Question on subgroups "inheriting" the group operation Suppose $G$ is a group under addition. Must it be the case that the subgroup $H$ inherits the same product operation as $G$? For example, if $G = \mathbb{R}$ and $H$ is a proper subset of $\mathbb{R}$ with a group structure under multiplication, is $H$ still a subgroup of $G$? 
This topic doesn't seem to be covered in any of the textbooks I am working in, perhaps because it is considered obvious. In this particular case, the identity and inverse elements would differ, but in theory there could be a case where the operation differs but the identity and inverses are preserved. (Or is there?) 
I suppose I am curious on whether the product operation is preserved by definition or by necessity (i.e., we can't find an example where it isn't) or whether this isn't even a requirement to begin with.

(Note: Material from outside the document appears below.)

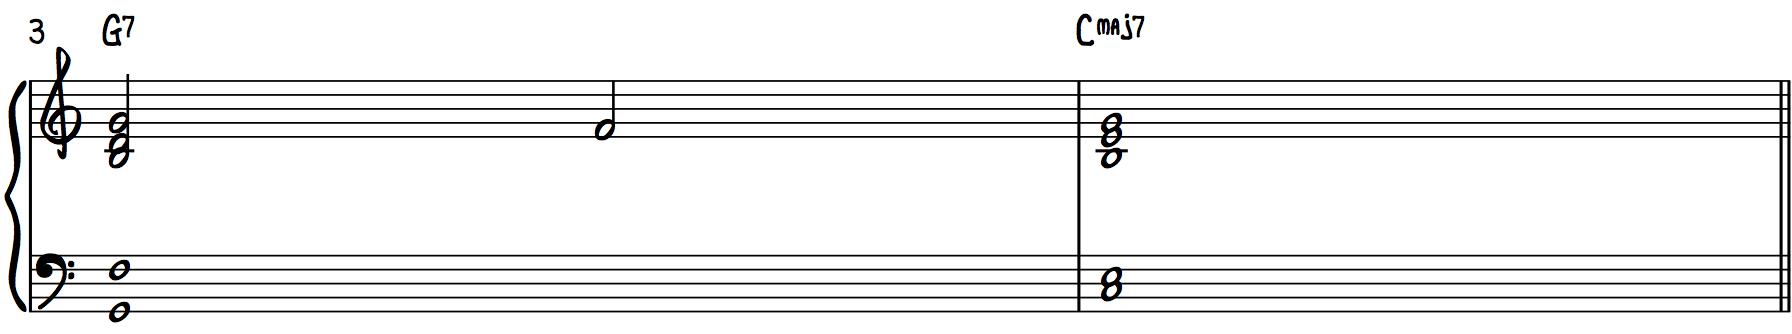 Barbershop Chords (7th Chords) Dominant V7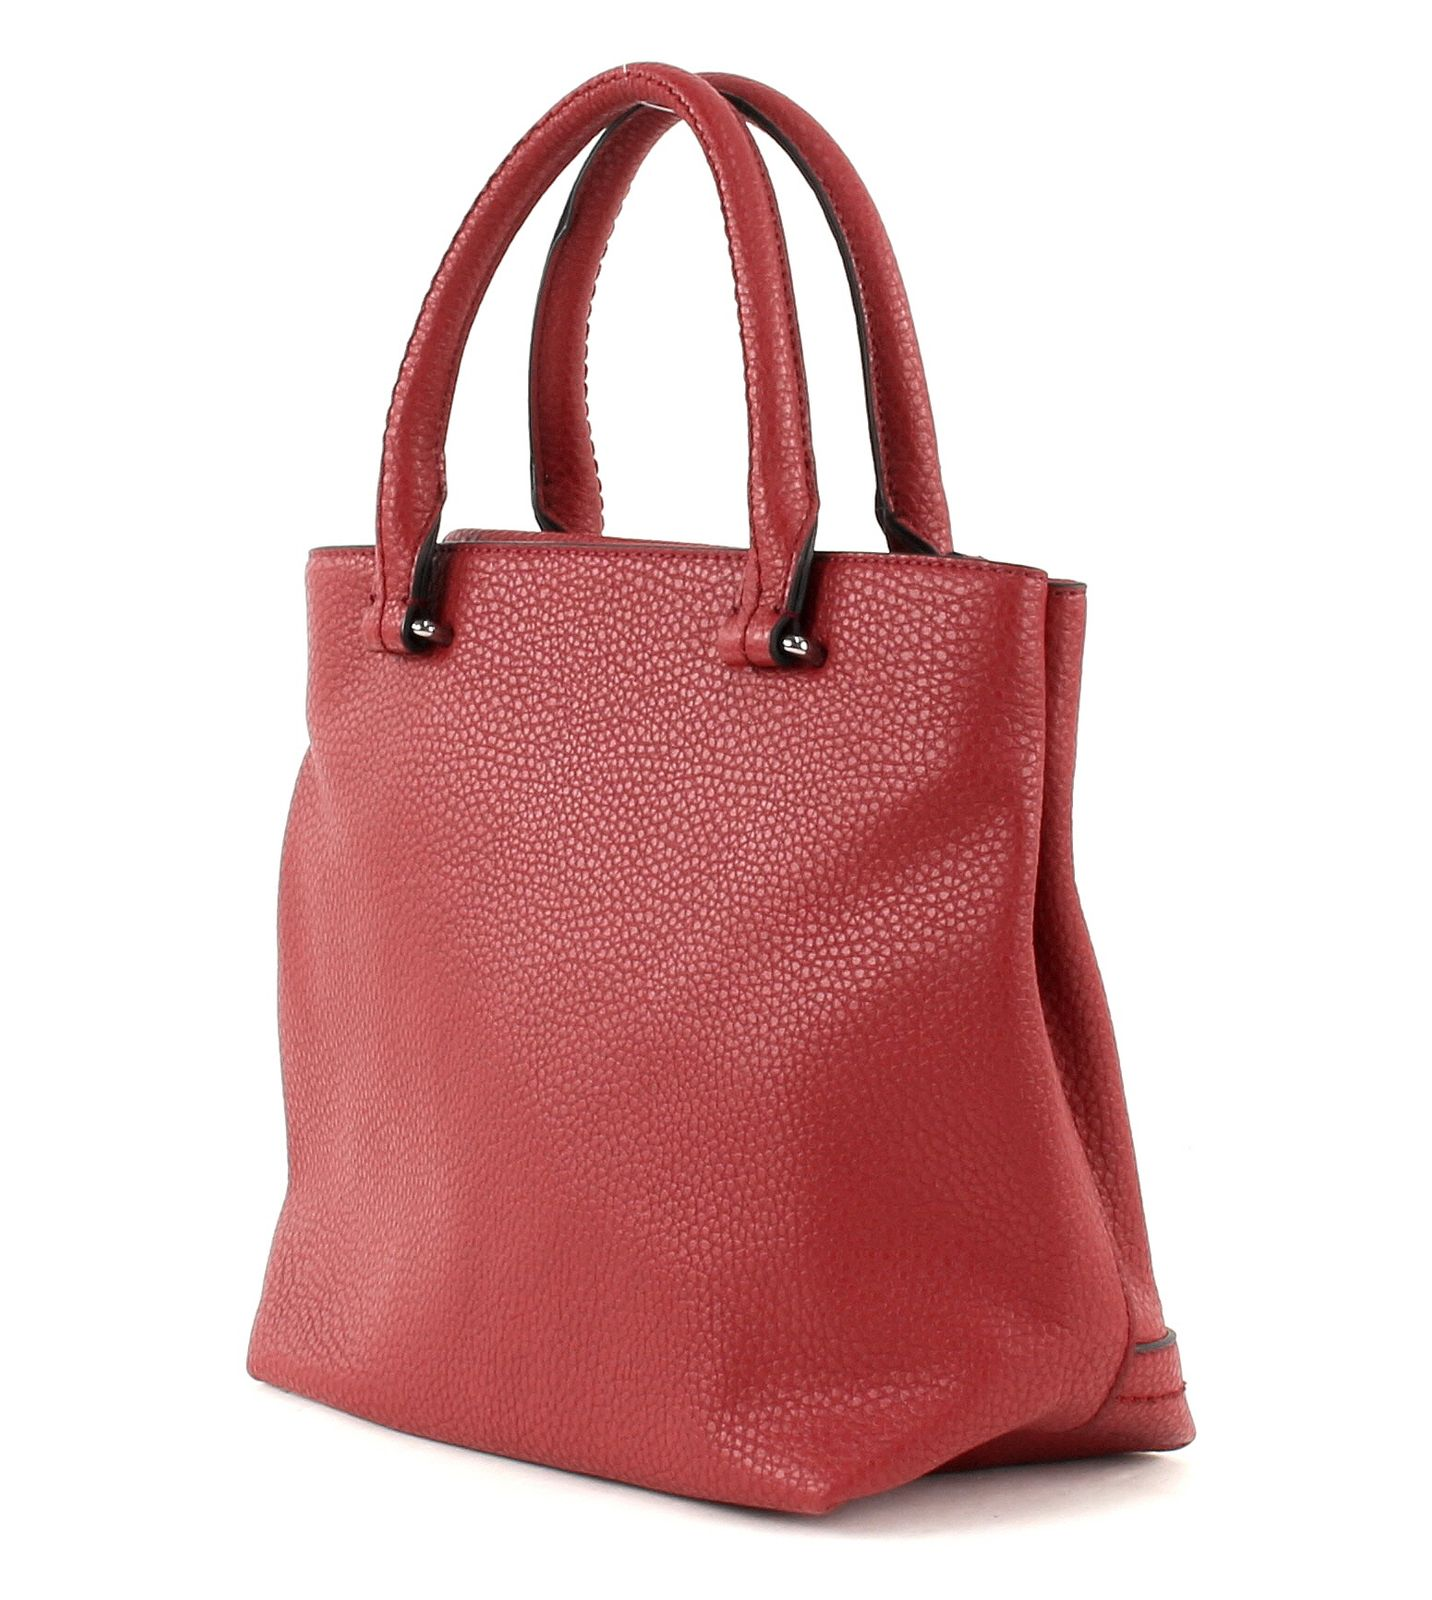 esprit katrin small city bag tasche handtasche umh ngetasche damen rot dark red ebay. Black Bedroom Furniture Sets. Home Design Ideas

 A: A subgroup must inherit the same group operation as the supergroup, as a matter of definition. For example, one could easily define modulo $4$ arithmetic on the subset $\{0, 1, 2, 3\}$ of $\Bbb{R}$ (under addition), but it's not a subgroup, because $3$ and $1$ do not add to $0$ in $(\Bbb{R}, +)$, but they do in modulo $4$ arithmetic.
One could do something similar with $\{1, 2, 3, 4\}$, or $\{8, -1, \pi, 2.1\}$. Note that the group structure of $(\Bbb{R}, +)$ has nothing to do with it. Really, the only structure necessary to form this relaxed type of "subgroup" is for the set to have cardinality less than or equal to $\Bbb{R}$. That is, the formation of these "subgroups" is less about how they interact via $+$ and more about the number of elements in $\Bbb{R}$.
A: A subgroup $H \subset G$ has to have the same group operation as $G$. You could define on the set $H$ a new operation which turns $H$ into a group (see the other answer) - but it wouldn't be a subgroup of $G$ anymore. 
The idea is the following: If you have two sets $A, B$ with $A \subset B$  you think of the set $A$ being contained in $B$. But a group $G$ is not only a set , it's a set $G$ together with a group operation $+$, so it's $(G,+)$. As before we want a subgroup $H$ of $G$ to be contained in $G$. But because we know think about groups and not sets anymore it's not enough for $H$ to be simply contained as a set in $G$. We want $H$ to be contained as a group in $G$ and that means that it has to have the same group operation (and is itself a group). 
You will find sub-somethings often. Subspaces for vector spaces, subrings for rings and so on. The idea is always the same. A sub-something should not only be a subset but a sub-something. So a subspace $U$ of a vector space $V$ should not only be a subset $U \subset V$ but it should be a subspace, meaning it should be itself a vector space and the vector space operations stem from $V$. So it's contained in $V$ as a vector space and not as a set.